Having feelings for someone and being in love with them are two separate identifications. But even though one can’t fall out of love like flipping a switch after popping off the bathrobe; Change is good!

Sometimes you need to be honest & wise enough with yourself that always waiting around won’t fix or heal anything ☹

And as we’ve previously established – You cannot choose whom you fall in love with! Yet sometimes you do have the power over whether to continue loving those who may not_ deserve your time because of their indifference towards things that matter most-Prioritizing self-interests isn’t healthy nor would allow any seeds of hope, grow back again. Back at it-Swiper no swiping!

The bitter taste behind ‘Forced-Love’

We must acknowledge some people use coercive tactics paving way into forced relationships- which commonly occur within professional/personal settings – where expectations placed over compassion from another person ensure they become submissive producing results leading further leadership coercion controlling creation using submission occurring through overpowering others negating their personal will in actions or speech.
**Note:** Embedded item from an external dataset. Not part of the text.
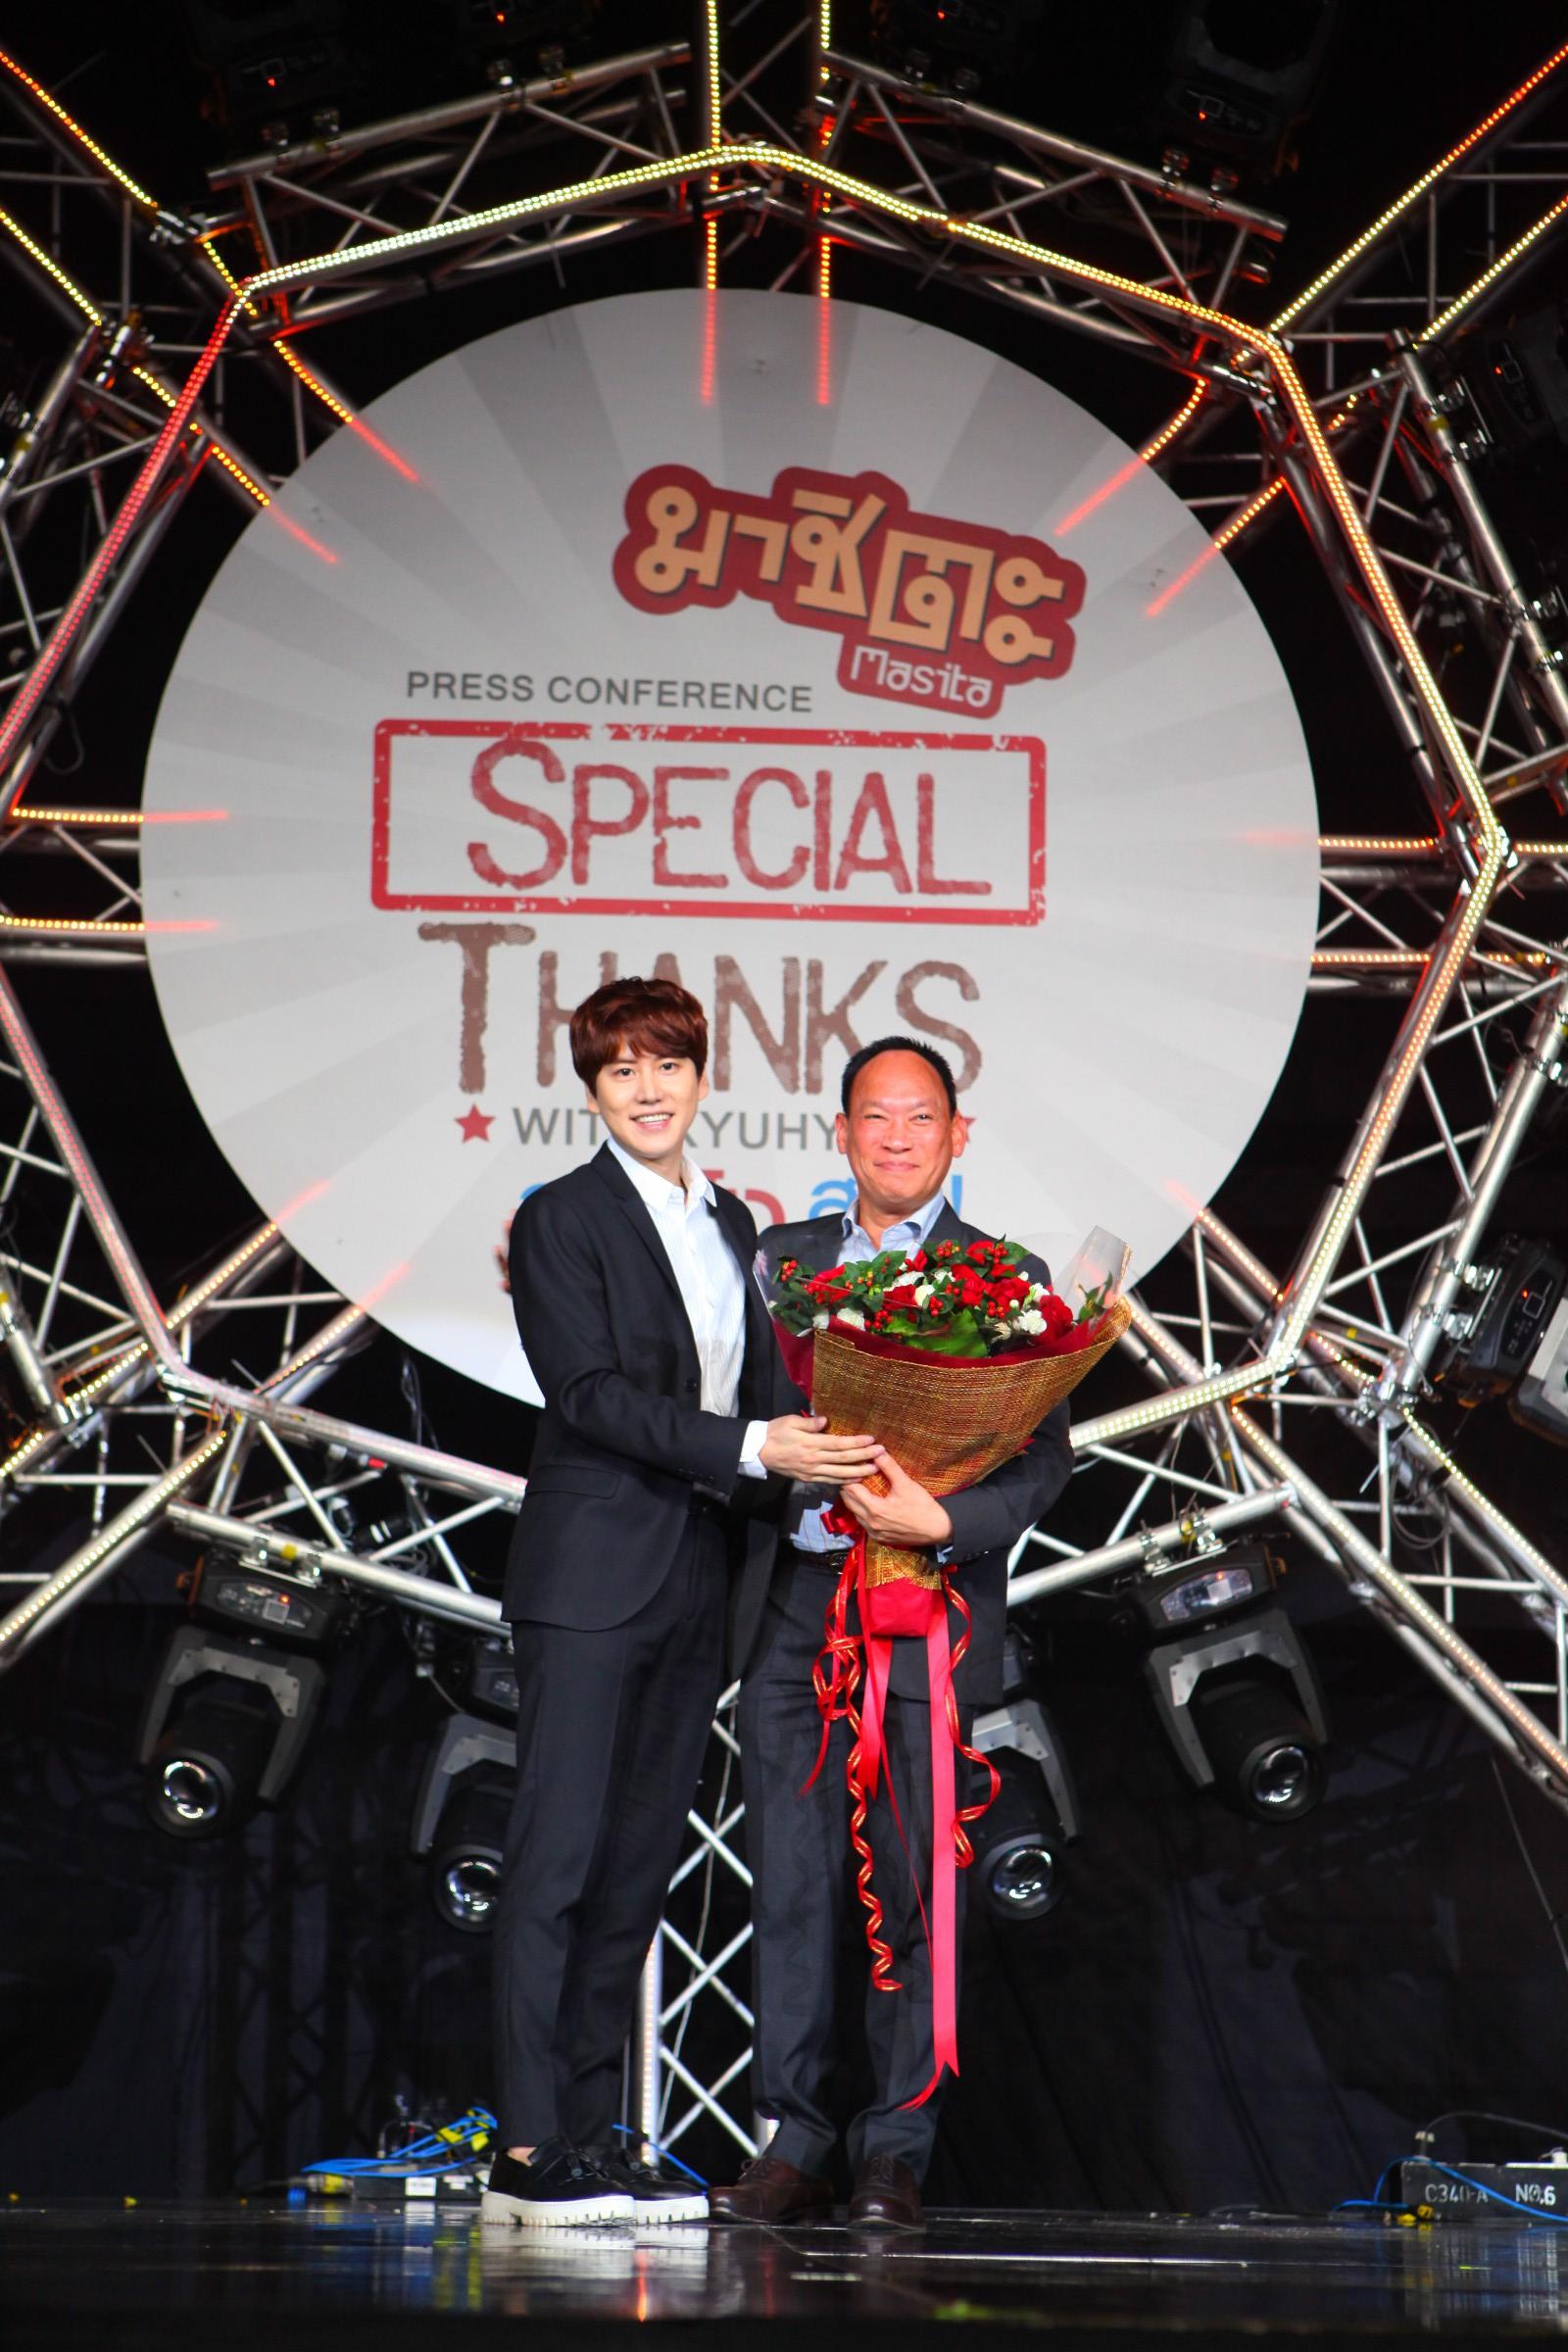 Masita Special Thanks with Kyuhyun_0548

Actions we take under duress aren’t sustainable but lead away from happiness and long-lasting-love altogether! We can’t force someone else’s heart however hard we try- while keeping ours intact too… Sounds confusing but unsolicited obsession/s., regardless prompts violation targeting individual capability without suitable reciprocation also creates an imbalance jeopardizing emotional health including mental well-being.

Wrapping Up

Going back to our original question, “Is loving someone choice?” After much research (weh!), discussion, analysis & experimenting themes later let’s break down what we discovered:

1) Finding oneself attracted purely varies immense depending on circumstances involved.
2) Once deeply ensconced choices critical maintaining/prolonging/celebrating relationships.
3) Finally, love (be it with someone or moving on from them) has some degree of personal choice involved be it effort, patience or making tough calls putting oneself in a better light!
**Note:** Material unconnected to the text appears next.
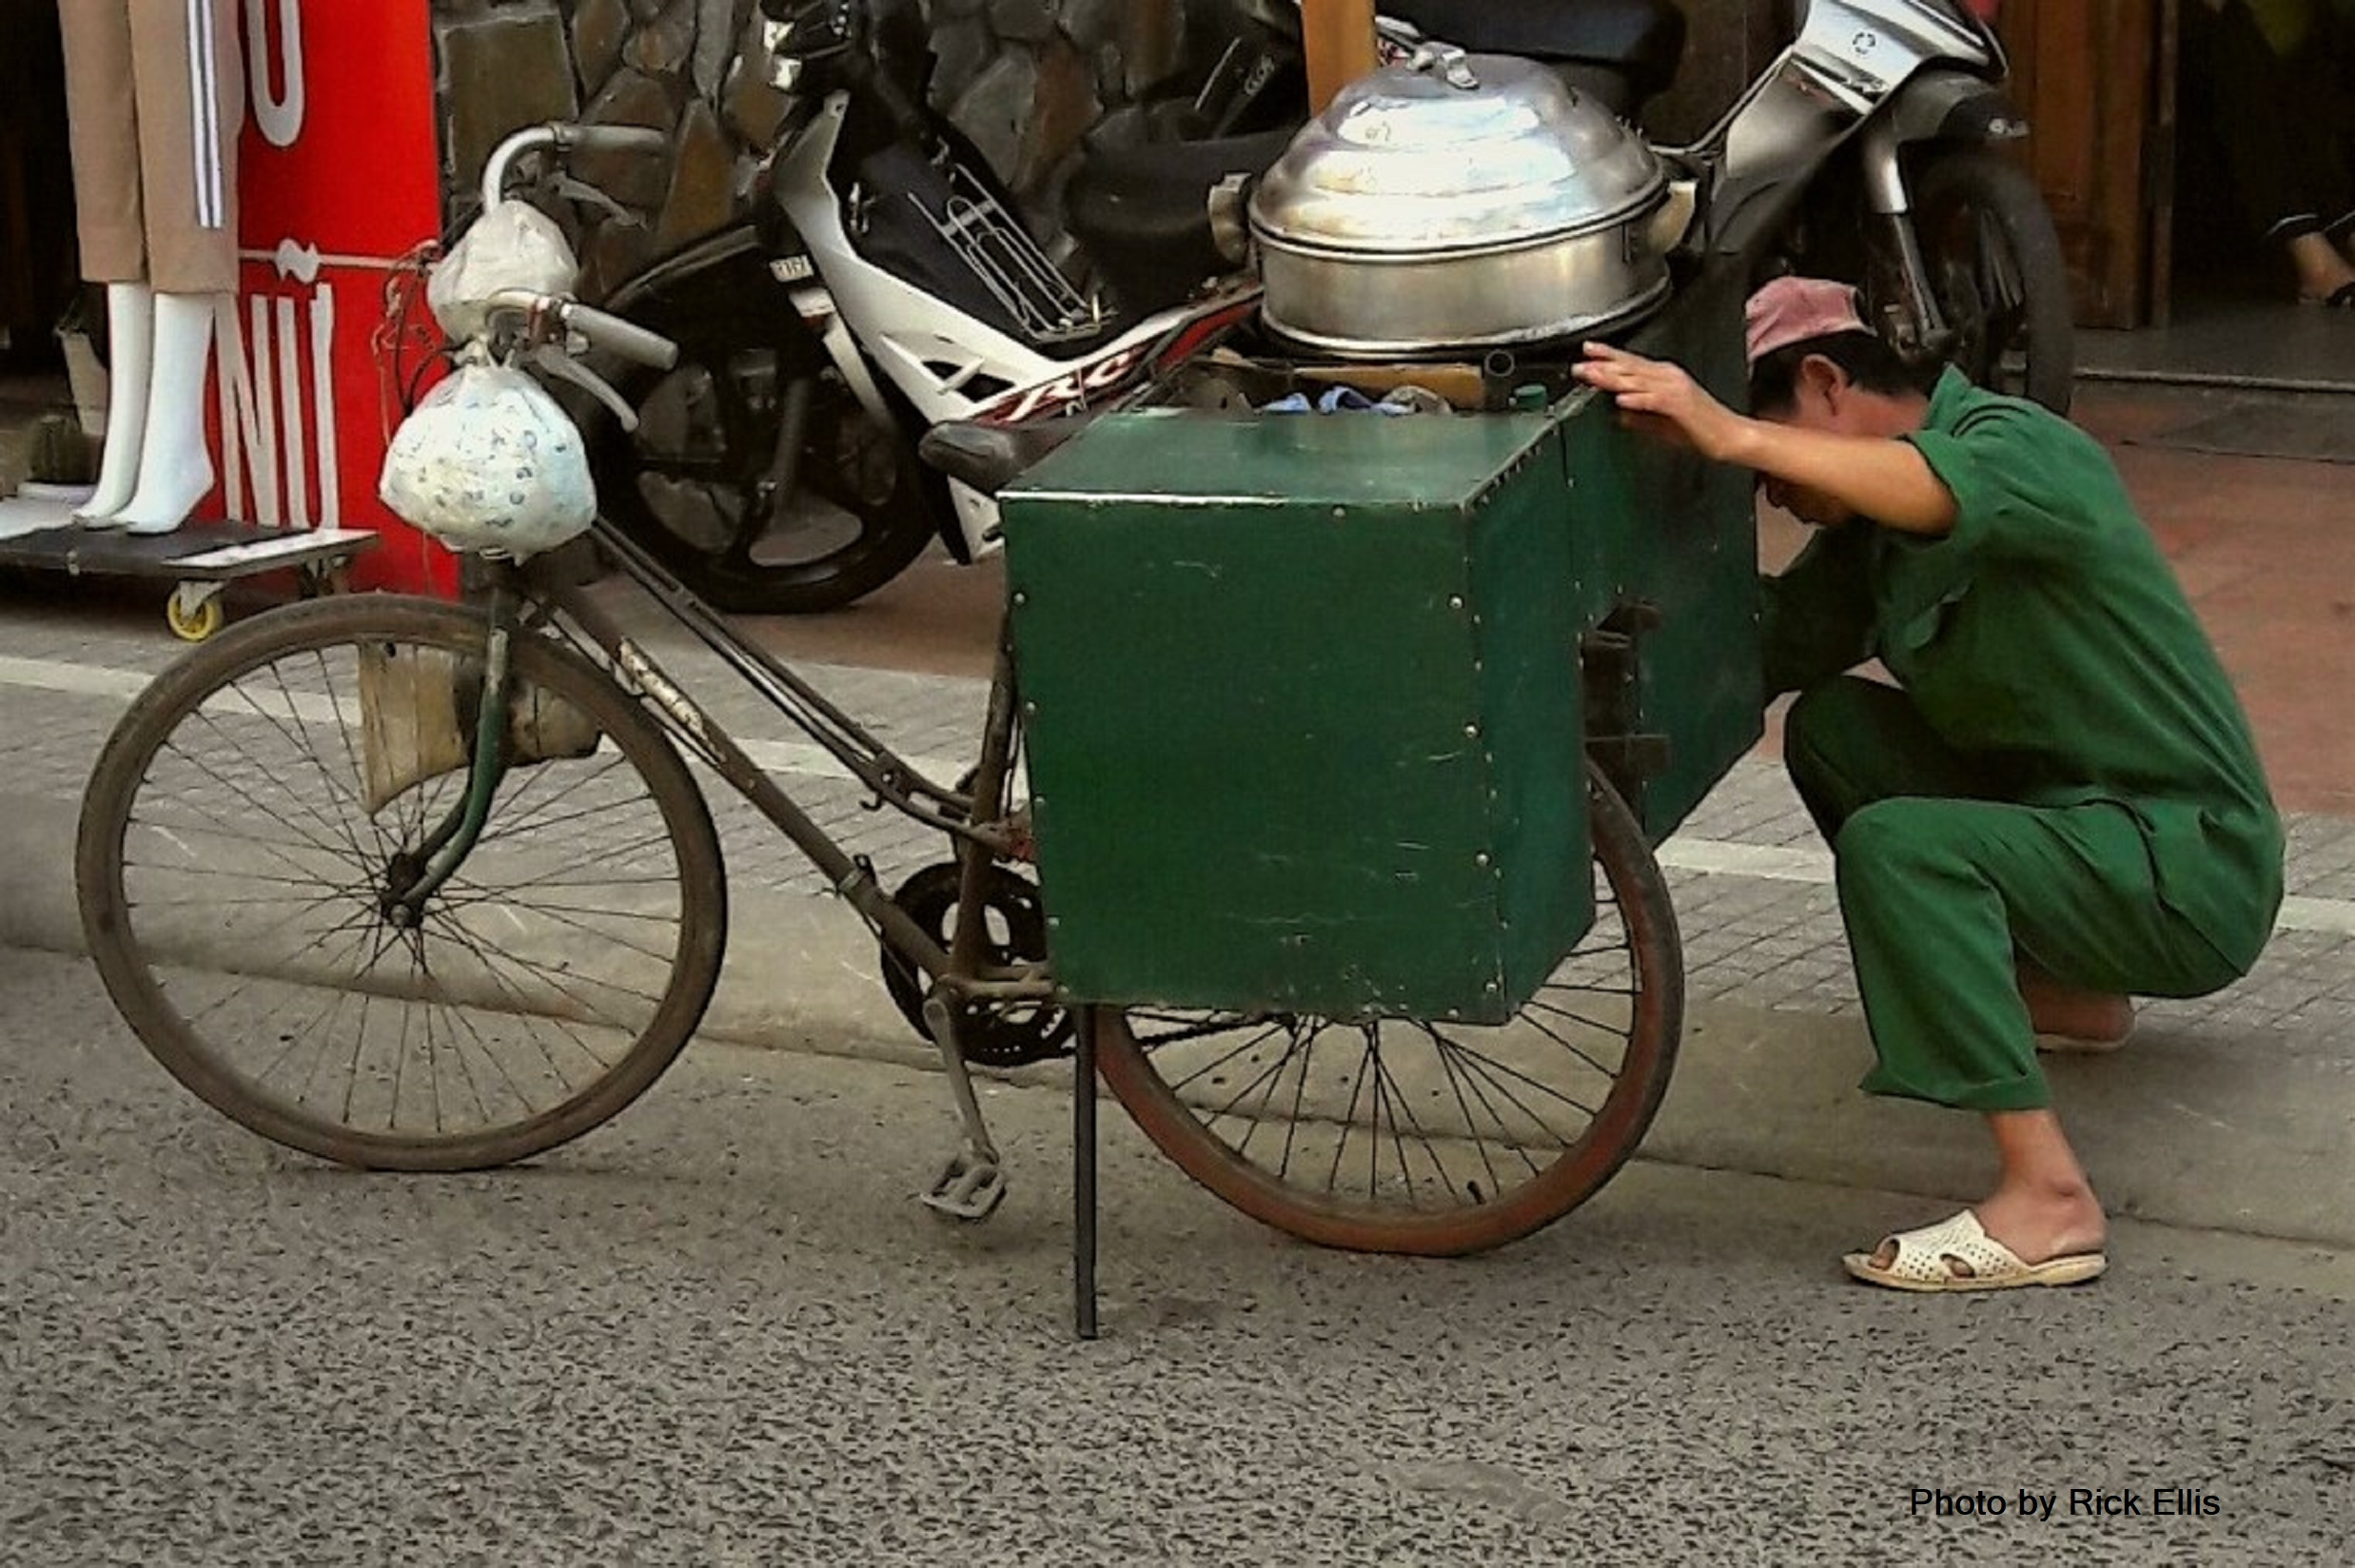 Bánh bao <em>man tuning up his rig</em>

Yes guys- we’ve tried our damndest to provide the perfect answer but even then there’s no definitive explanation (yet!). Overall loving someone may not entirely necessarily be within one’s own control; but once this emotion takes over individuals have the option & capacity to make choices toward maintaining/prolonging/rejecting/handling specifically their affair.

Also strong relationships never happen by chance folks instead we work towards them and mould ourselves accordingly(Being under active construction is okay :P). Hope this gives you some clarity!

Love- who ever would have thought that four little letters could cause us so much stress eh?!